The economic slide: comparison with China
STORIES, ANALYSES, EXPERT VIEWS

In a tell-tale sign of desperation among lower-income borrowers struggling to keep their heads above water, loans against gold are surging at a 50%-plus annual pace.
In the absence of meaningful private investment and job creation, Andy Mukherjee, Bloomberg writes “India is slipping back into its pre-Covid-19 rut, and its economic czars are once again publicly refusing to acknowledge the slowdown, blaming a long and busy election season for tepid public spending.”
Privately, though, they seem to be worried enough to abruptly replace a key decision maker, RBI chief Shakti Kanta Das with Sanjay Malhotra, a top finance-ministry official.

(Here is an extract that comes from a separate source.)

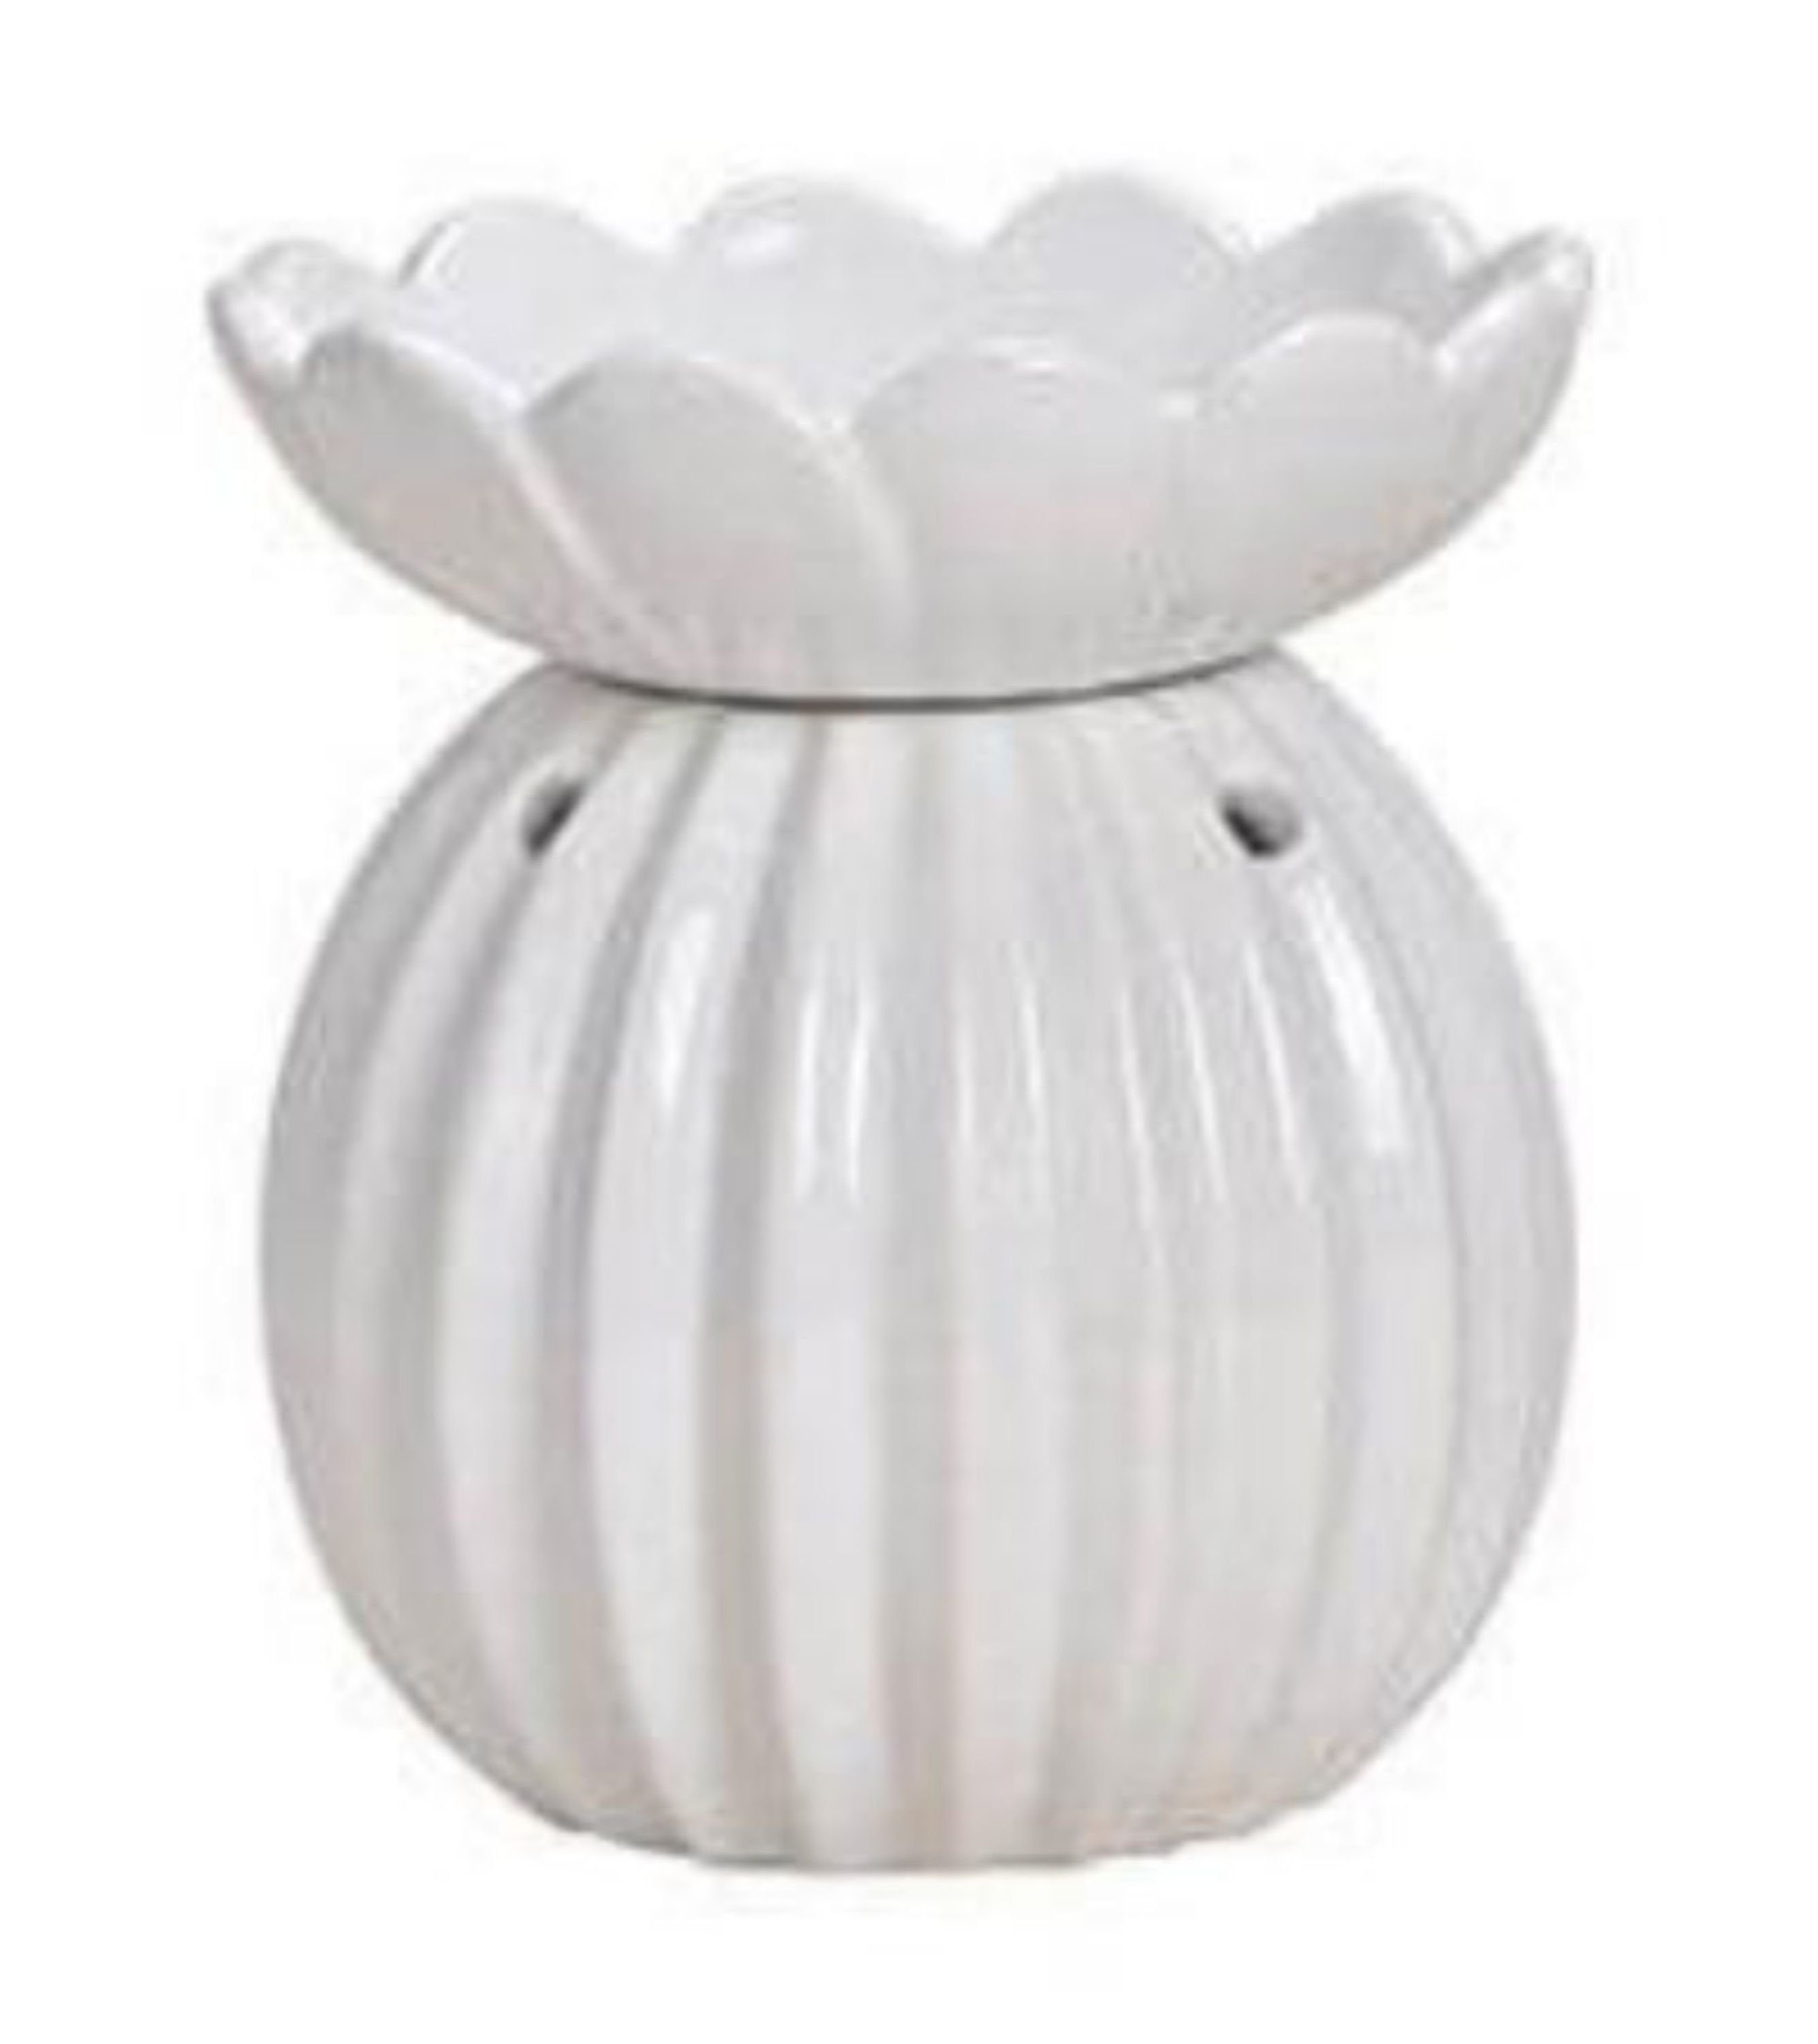 G. Wurm Kerzenhalter, Duftlampe Kugel aus Keramik, weiß, für Teelichter,  Ausführung mit abnehmbarer Duftschale, ideal für Duft- Öle und Wachse,  Maße: Länge x Tiefe x Höhe = 13 x 13 x 15

The change will open the door to a rate cut and correct the central bank’s restrictive policy, partly responsible for a severe slowdown in recent quarters,’ according to Bloomberg Economics.
At 6.5%, the benchmark interest rate is exactly where it was when Das took charge of the RBI in late 2018. The economy is “missing a lot of the output that would have been produced had gross domestic product just kept chugging along at its former rate.”
Growth down, inflation not yet tamed: Growth in manufacturing output has collapsed to just about 2%, from 14% a year earlier, after adjusting for price increases. Inflation, which spiked around the start of Russia’s war in Ukraine, has never been fully tamed. As a result, writes Mukherjee “short-term interest rates are 150 basis points higher than in 2019, and — because food is still very expensive — the start of a monetary-easing campaign has been delayed. Fiscal policy, meanwhile, is pressed into the service of keeping 800 million Indians on free rations, a pandemic-era safety net being buttressed by state politicians with cash handouts to disadvantaged women.”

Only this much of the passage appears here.